After suffering under apartheid’s institutional racism, poor, marginalized blacks now have a litany of complaints about the ANC, including authorities’ use of live ammunition to suppress antigovernment protests.

“People say under the previous government of white people, apartheid was affecting people, but at least we had jobs and water and things,” Mabona said. “But with this government, we only get freedom. We don’t get anything else.”

The ANC’s 1994 election manifesto was sweeping: Millions of jobs would be created by building houses, roads, schools, clinics and toilets and providing water and electricity.

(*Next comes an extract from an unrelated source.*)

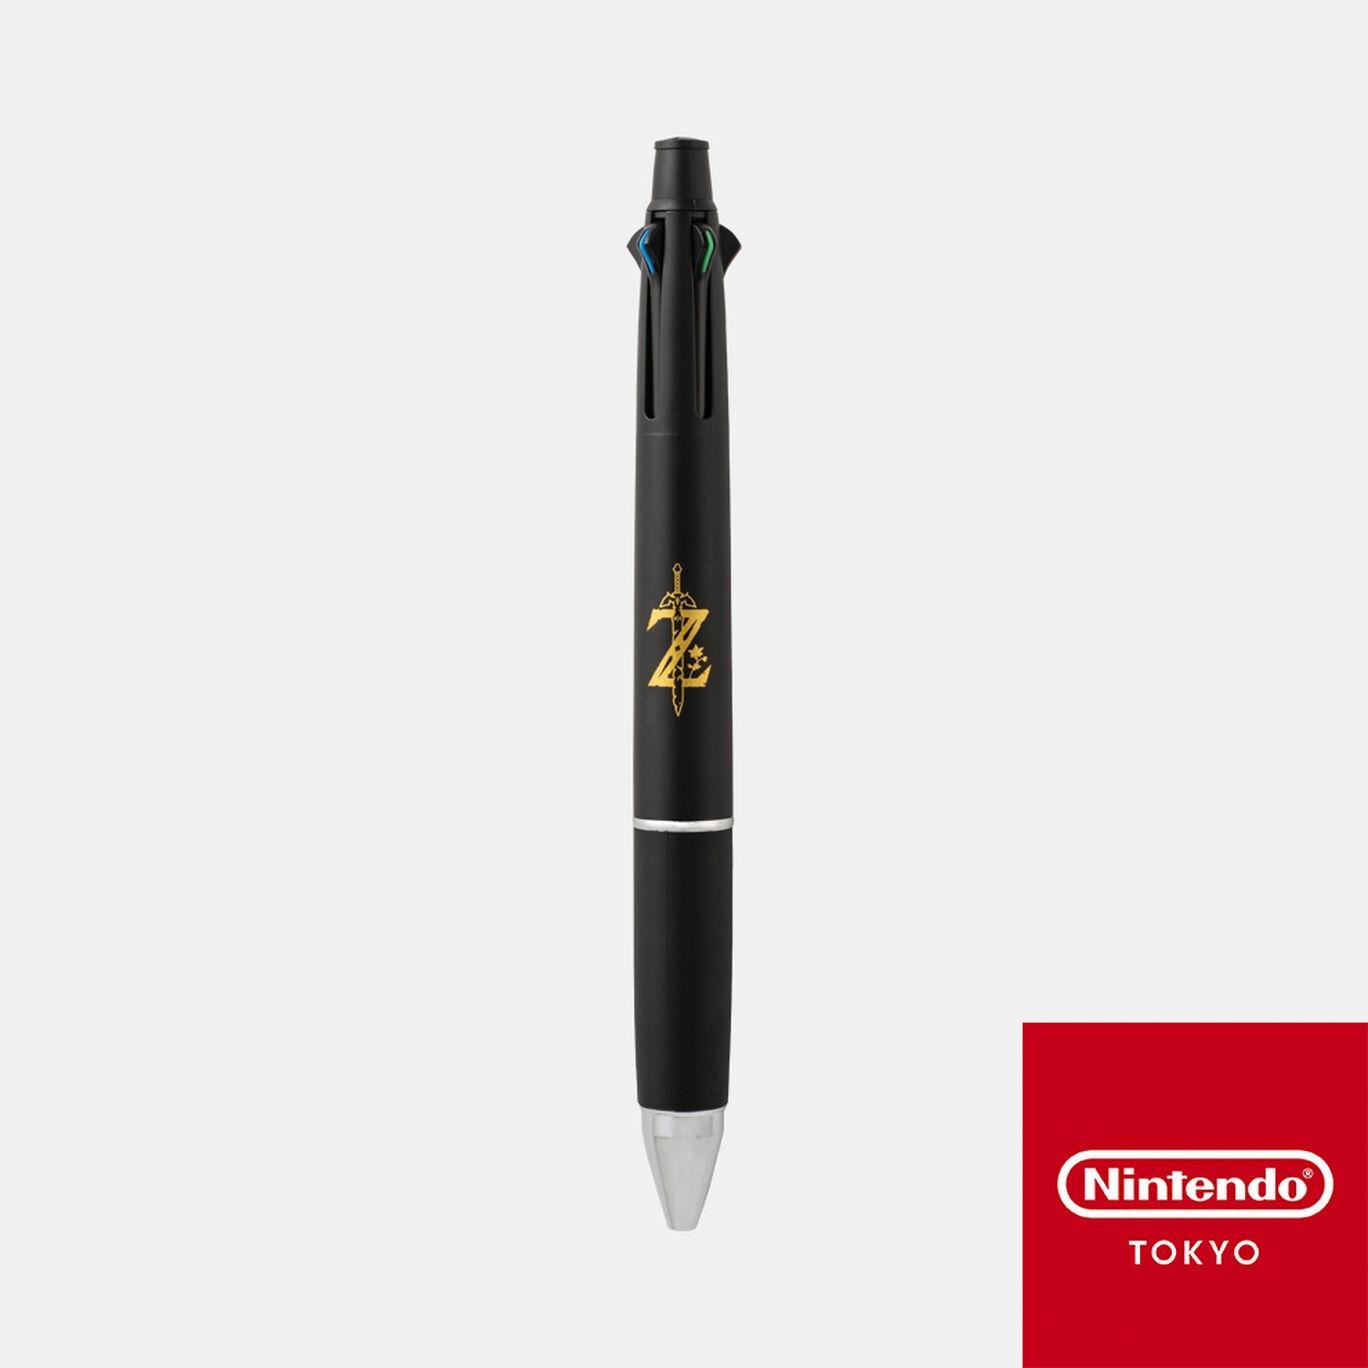 ジェットストリーム 多機能ペン 4&1 ゼルダの伝説【Nintendo TOKYO取り扱い商品】

The party’s most notable achievement has been extending social welfare grants, assisting several times the number of people since the end of apartheid. President Jacob Zuma told a union conference Monday that the ANC government had reduced dire poverty significantly. The government also built houses and infrastructure for many South Africans, but critics say that provincial and municipal ANC officials have often used building contracts to enrich themselves.

The populist Zuma, chosen to be ANC leader in 2007 and elected president in 2009, was thought to be a better choice than his buttoned-down predecessor, Thabo Mbeki, to represent the poor. But Zuma has been enmeshed in scandal since the beginning and now faces a challenge from the expelled leader of the ANC’s youth wing, Julius Malema, who is a master at articulating the anger of the poor.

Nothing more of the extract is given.